Centre for Genomic Regulation (CRG), The Barcelona Institute for Science and Technology, Dr. Aiguader 88, 08003 Barcelona, Spain.
Universitat Pompeu Fabra (UPF), Barcelona, Spain.
Nucleic Acids Res. 2018 May 4;46(8):3852-3863. doi: 10.1093/nar/gky228.
The speed at which new genomes are being sequenced highlights the need for genome-wide methods capable of predicting protein-DNA interactions. Here, we present PADA1, a generic algorithm that accurately models structural complexes and predicts the DNA-binding regions of resolved protein structures. PADA1 relies on a library of protein and double-stranded DNA fragment pairs obtained from a training set of 2103 DNA-protein complexes. It includes a fast statistical force field computed from atom-atom distances, to evaluate and filter the 3D docking models. Using published benchmark validation sets and 212 DNA-protein structures published after 2016 we predicted the DNA-binding regions with an RMSD of <1.8 Å per residue in >95% of the cases. We show that the quality of the docked templates is compatible with FoldX protein design tool suite to identify the crystallized DNA molecule sequence as the most energetically favorable in 80% of the cases. We highlighted the biological potential of PADA1 by reconstituting DNA and protein conformational changes upon protein mutagenesis of a meganuclease and its variants, and by predicting DNA-binding regions and nucleotide sequences in proteins crystallized without DNA. These results opens up new perspectives for the engineering of DNA-protein interfaces.

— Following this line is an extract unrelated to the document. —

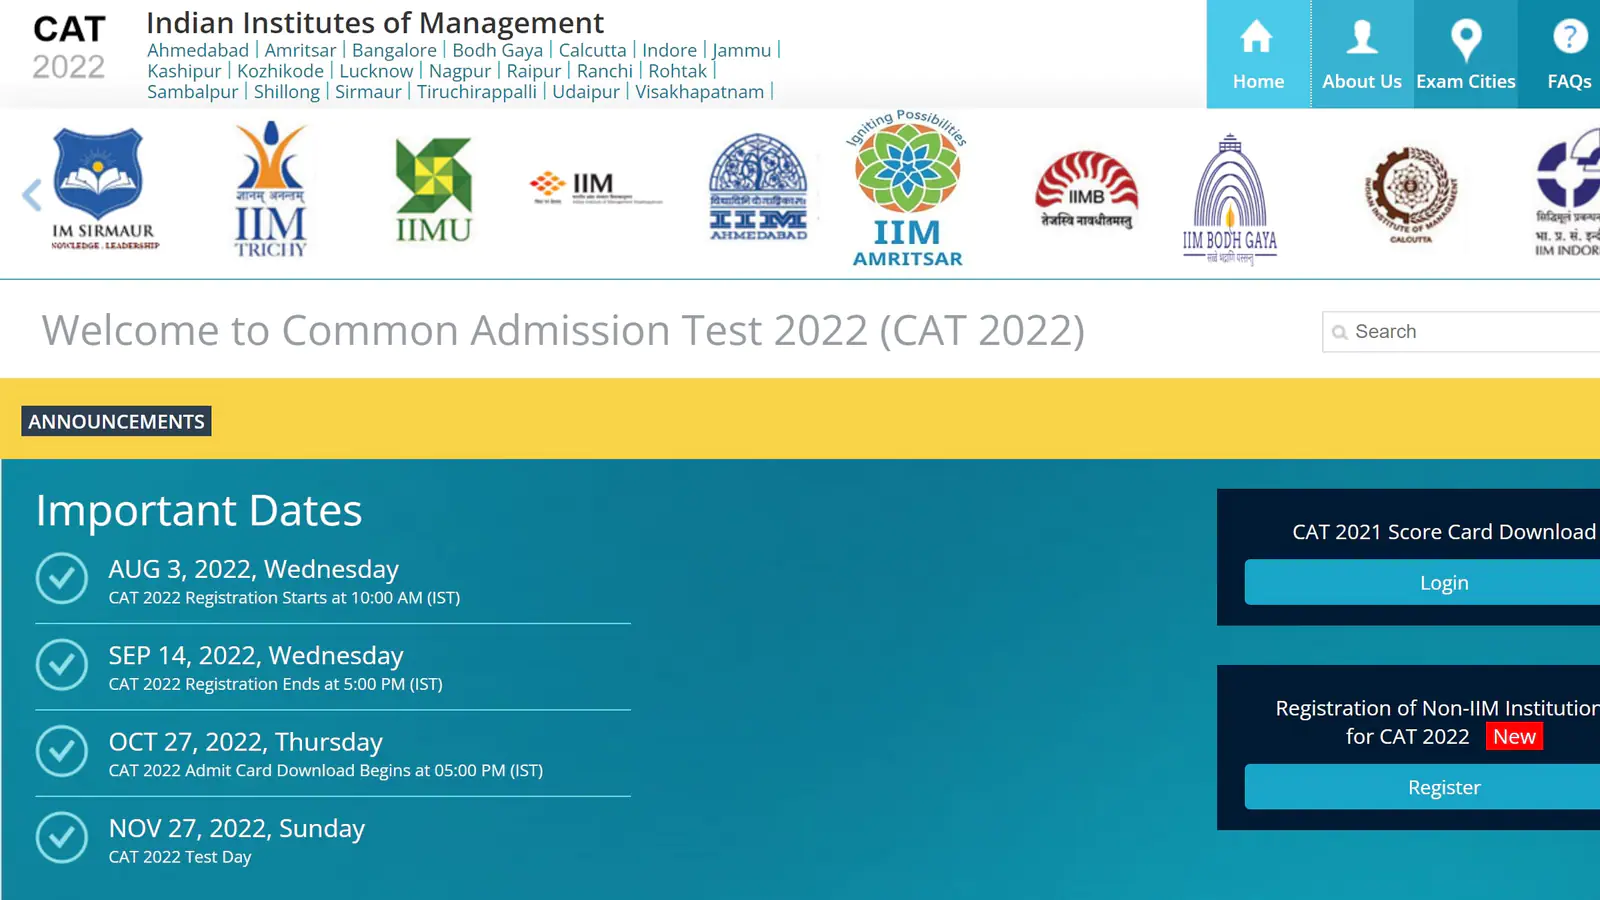 IIM CAT 2022 application process begins tomorrow at iimcat.ac.in

新基因组测序的速度凸显了对能够预测蛋白质-DNA 相互作用的全基因组方法的需求。在这里,我们提出了 PADA1,这是一种通用算法,能够准确地模拟结构复合物,并预测已解析蛋白质结构的 DNA 结合区域。PADA1 依赖于从 2103 个 DNA-蛋白质复合物的训练集中获得的蛋白质和双链 DNA 片段对的库。它包括一个从原子间距离计算得出的快速统计力场,用于评估和筛选 3D 对接模型。使用已发表的基准验证集和 2016 年后发表的 212 个 DNA-蛋白质结构,我们预测 DNA 结合区域的 RMSD 小于 1.8 Å/残基,在>95%的情况下。我们表明,对接模板的质量与 FoldX 蛋白质设计工具套件兼容,可识别结晶 DNA 分子序列作为 80%情况下最具能量优势的序列。我们通过重新构建在核酸酶及其变体的蛋白质突变后 DNA 和蛋白质构象变化,以及预测没有 DNA 的蛋白质结晶中的 DNA 结合区域和核苷酸序列,突出了 PADA1 的生物学潜力。这些结果为 DNA-蛋白质界面的工程设计开辟了新的前景。